- _Work item_: Repeat the lines of the data that follow, please, starting at the first and stopping after the one with "BOMMA - BLIMP PENDANT LARGE - from $4,218.50".
(Input for this task Opens)
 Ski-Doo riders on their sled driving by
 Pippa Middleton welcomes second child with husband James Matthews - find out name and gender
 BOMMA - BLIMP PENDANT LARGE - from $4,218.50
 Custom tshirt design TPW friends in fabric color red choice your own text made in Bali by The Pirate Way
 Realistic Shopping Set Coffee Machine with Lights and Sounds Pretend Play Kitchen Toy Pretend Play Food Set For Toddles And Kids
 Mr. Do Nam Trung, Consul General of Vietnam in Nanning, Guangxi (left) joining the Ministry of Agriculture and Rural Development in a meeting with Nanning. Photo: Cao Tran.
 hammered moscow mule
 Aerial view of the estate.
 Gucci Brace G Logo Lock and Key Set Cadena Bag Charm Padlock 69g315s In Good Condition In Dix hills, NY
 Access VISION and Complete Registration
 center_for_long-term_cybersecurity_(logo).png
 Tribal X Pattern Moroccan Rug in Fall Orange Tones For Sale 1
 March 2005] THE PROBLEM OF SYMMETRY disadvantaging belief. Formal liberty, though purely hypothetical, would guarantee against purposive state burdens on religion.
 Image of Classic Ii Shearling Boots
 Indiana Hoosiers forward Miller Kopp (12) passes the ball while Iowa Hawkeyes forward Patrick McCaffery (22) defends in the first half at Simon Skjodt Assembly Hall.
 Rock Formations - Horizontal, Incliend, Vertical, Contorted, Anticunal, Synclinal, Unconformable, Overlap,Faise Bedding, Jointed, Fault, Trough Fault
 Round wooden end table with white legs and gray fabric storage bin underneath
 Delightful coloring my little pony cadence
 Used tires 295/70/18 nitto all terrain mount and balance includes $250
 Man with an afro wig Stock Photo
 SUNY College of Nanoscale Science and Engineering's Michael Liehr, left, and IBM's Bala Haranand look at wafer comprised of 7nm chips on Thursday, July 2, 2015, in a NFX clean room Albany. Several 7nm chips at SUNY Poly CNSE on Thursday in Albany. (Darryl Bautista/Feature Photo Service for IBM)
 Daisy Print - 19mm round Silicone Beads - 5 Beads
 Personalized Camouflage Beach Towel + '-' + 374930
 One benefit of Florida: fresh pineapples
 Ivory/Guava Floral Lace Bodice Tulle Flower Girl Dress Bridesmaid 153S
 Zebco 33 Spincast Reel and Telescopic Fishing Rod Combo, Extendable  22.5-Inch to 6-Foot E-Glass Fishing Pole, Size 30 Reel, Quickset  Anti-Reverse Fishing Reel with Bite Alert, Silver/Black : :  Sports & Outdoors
(Input for this task Closes)
- _Solution to this exercise_:
 Ski-Doo riders on their sled driving by
 Pippa Middleton welcomes second child with husband James Matthews - find out name and gender
 BOMMA - BLIMP PENDANT LARGE - from $4,218.50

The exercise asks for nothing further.